PROBLEM:
Lines from the one containing "Is It Safe to" through the last line of the data are to be returned exactly, both ends included, minus any pictures.

THE DATA:
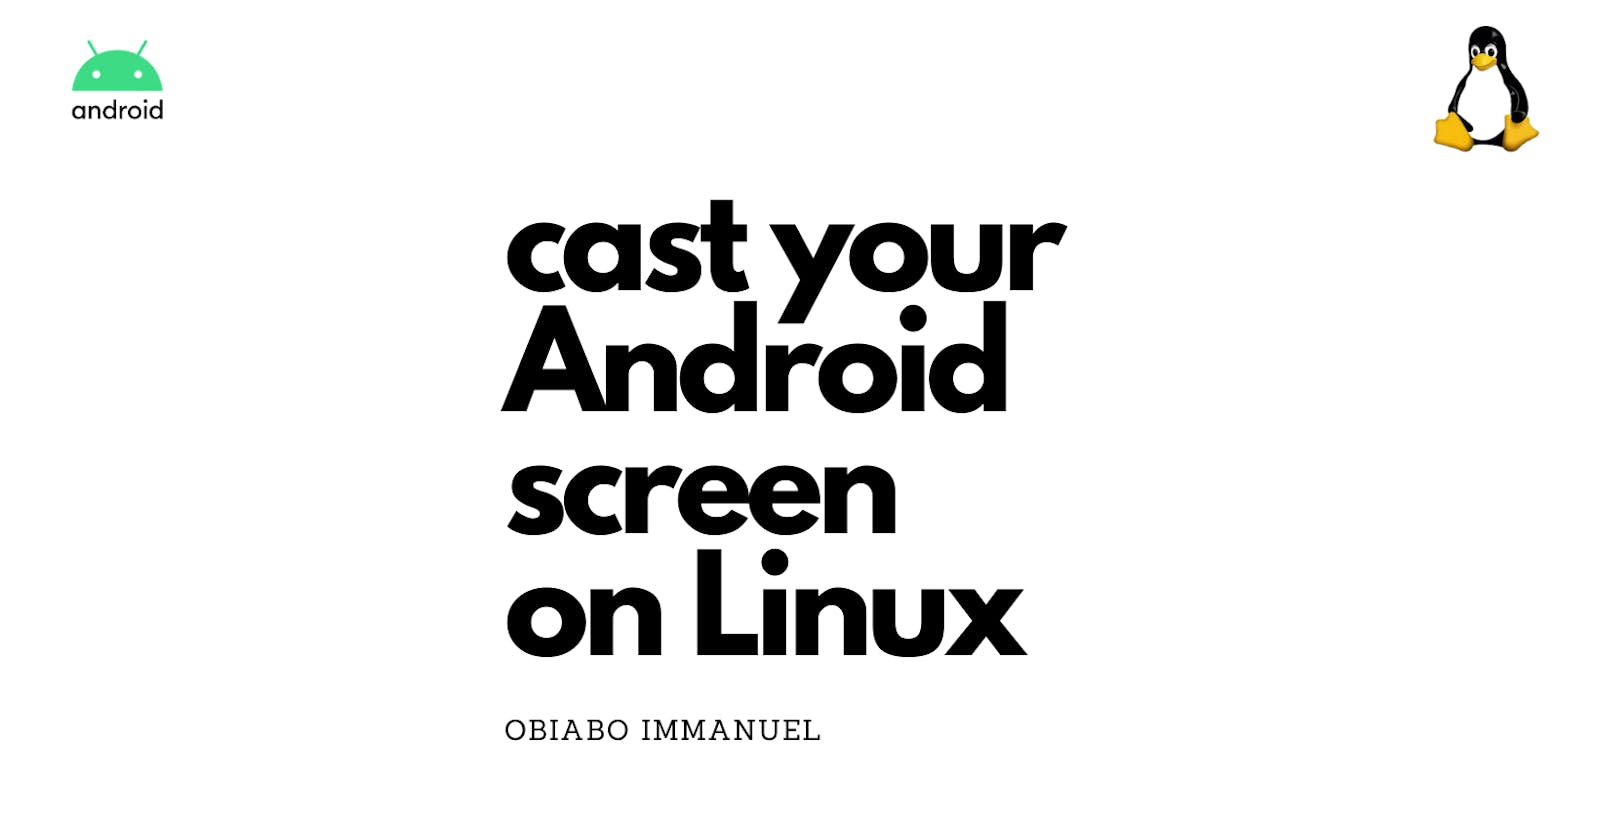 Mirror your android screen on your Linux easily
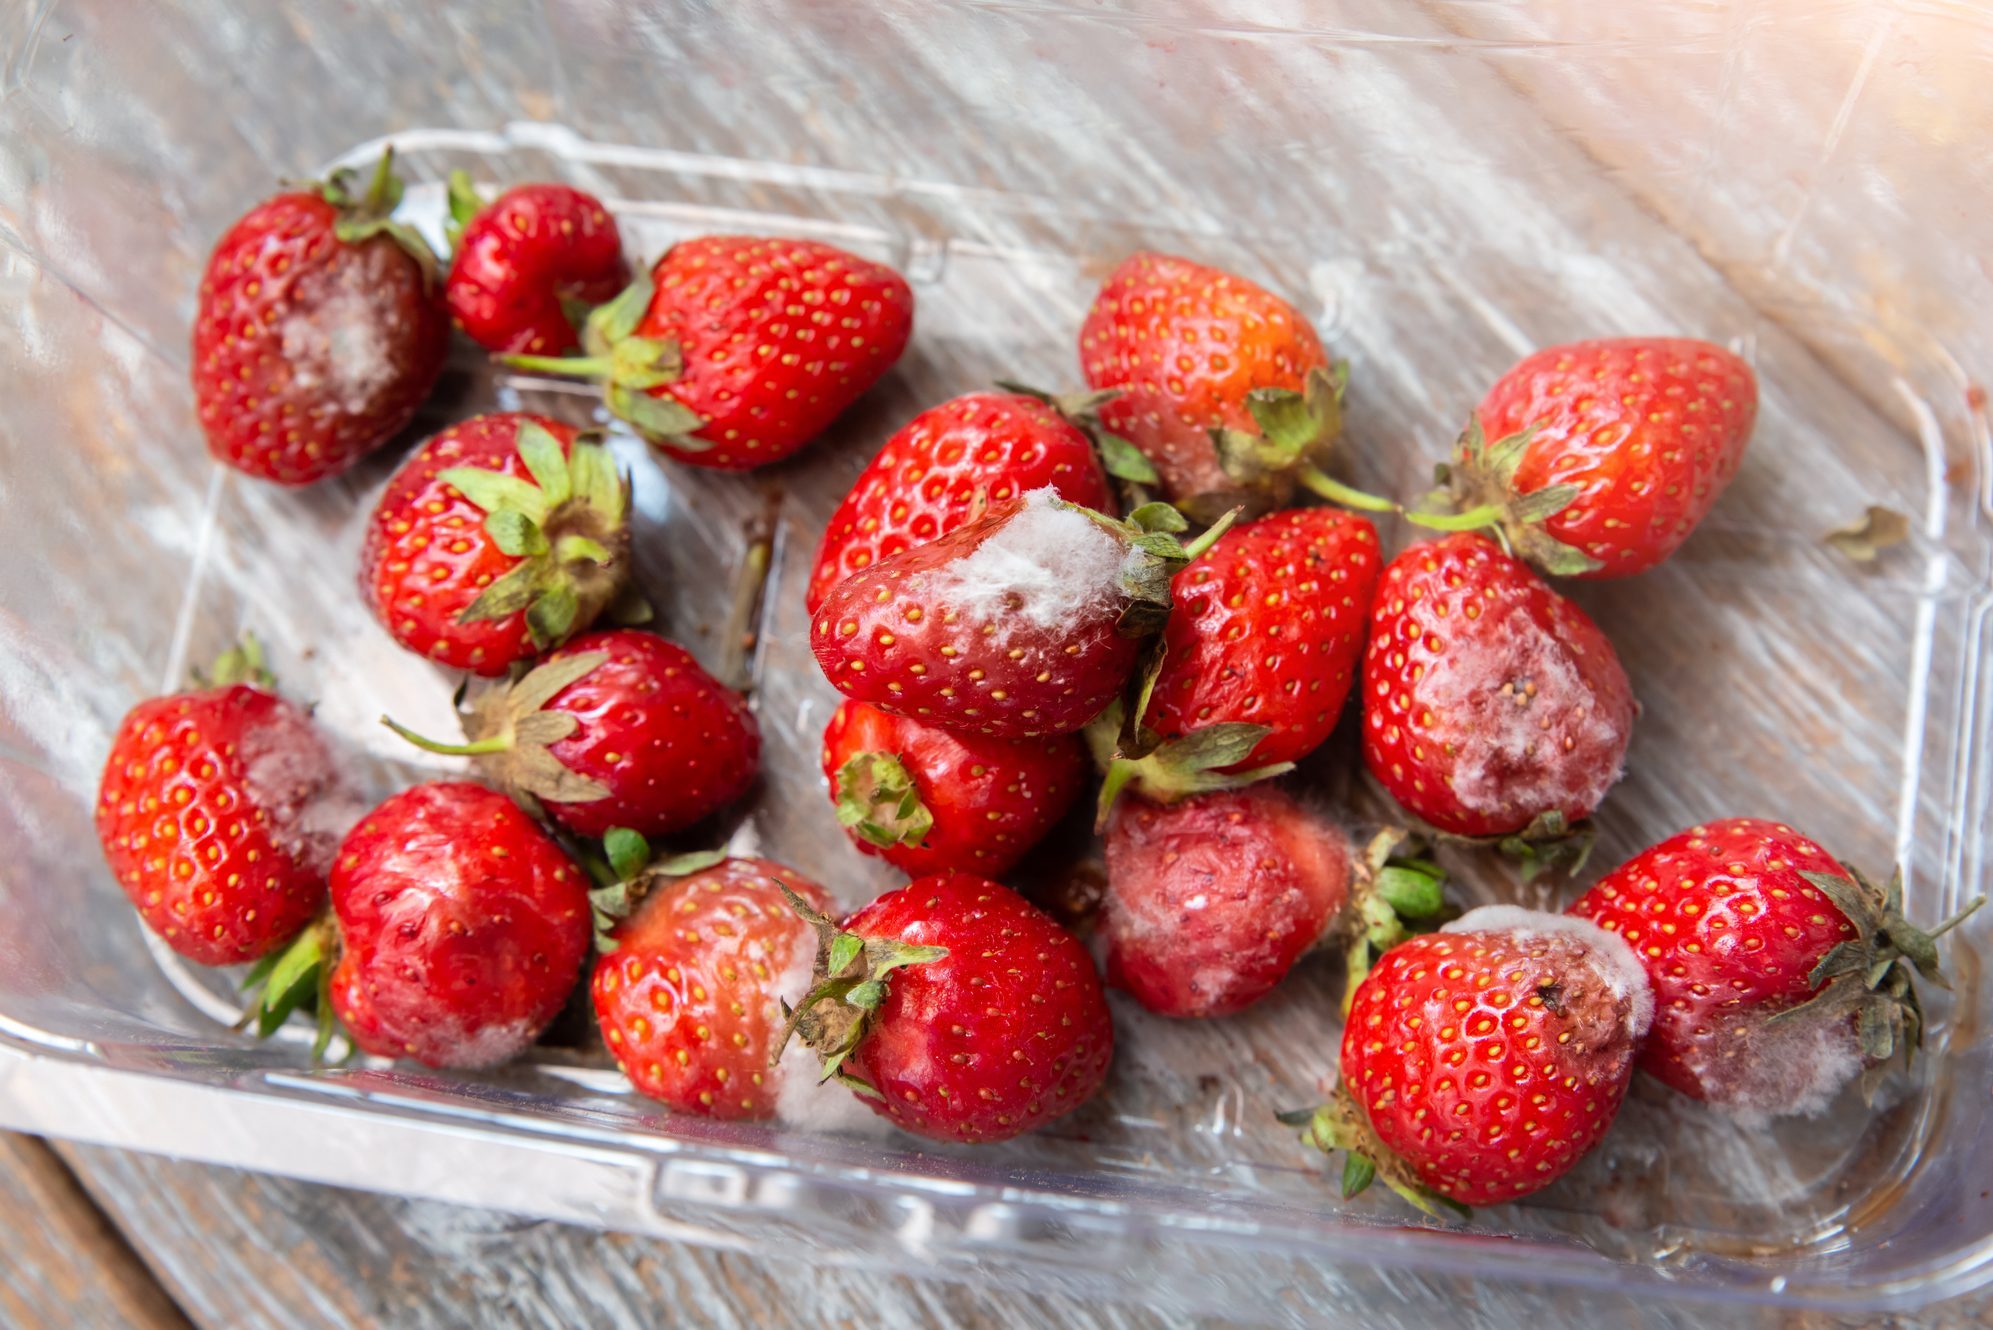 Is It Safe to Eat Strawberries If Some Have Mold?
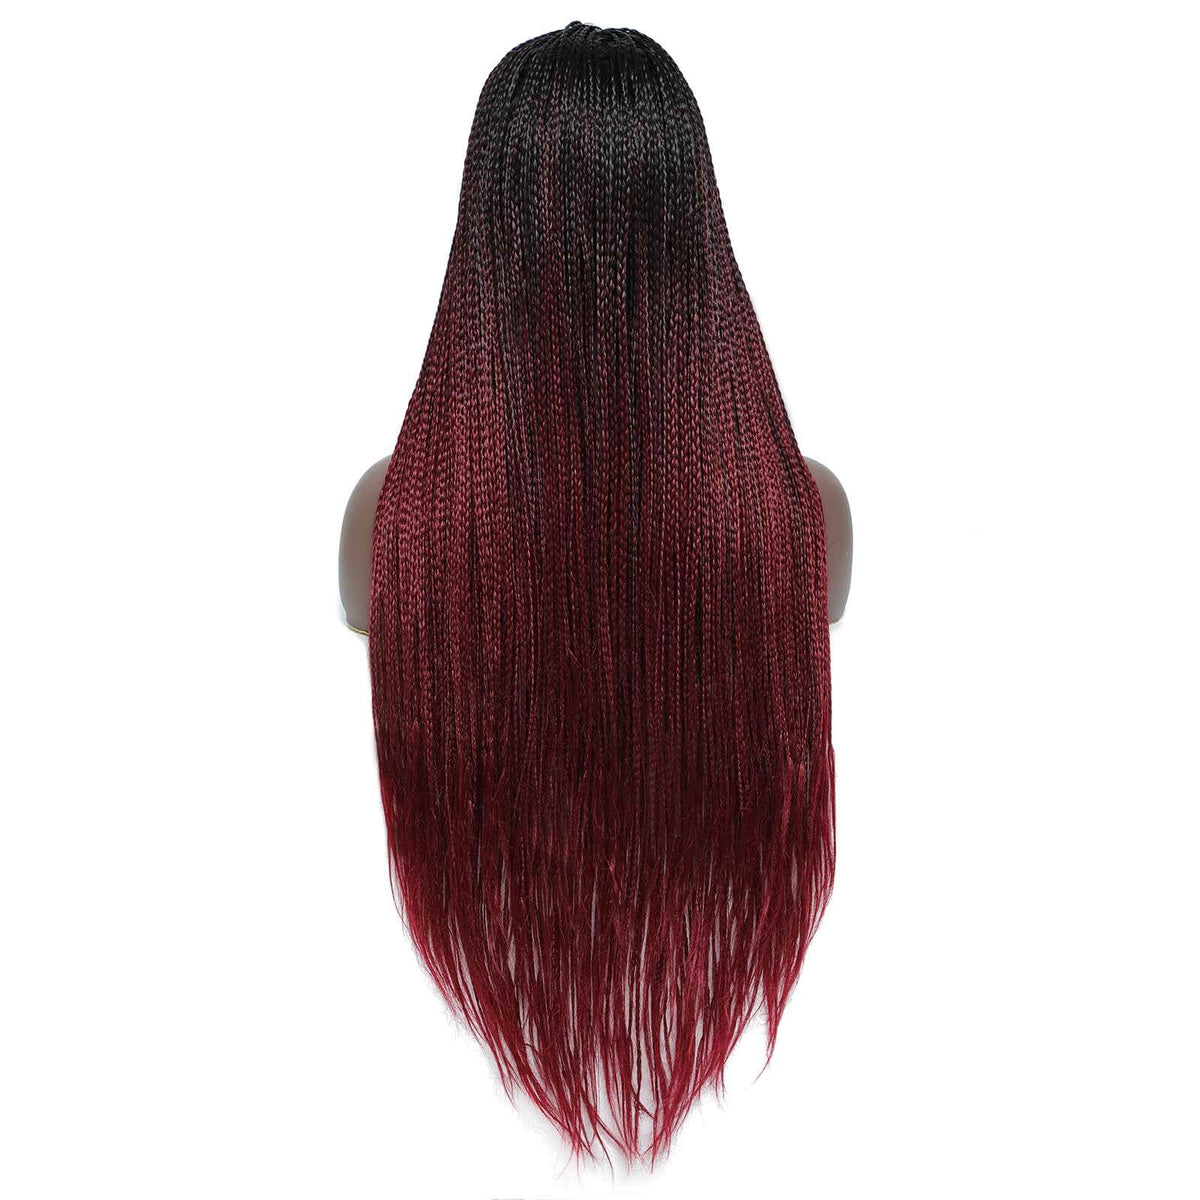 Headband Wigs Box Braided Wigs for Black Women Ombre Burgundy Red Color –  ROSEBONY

EXERCISE ANSWER:
 Is It Safe to Eat Strawberries If Some Have Mold?
 Headband Wigs Box Braided Wigs for Black Women Ombre Burgundy Red Color –  ROSEBONY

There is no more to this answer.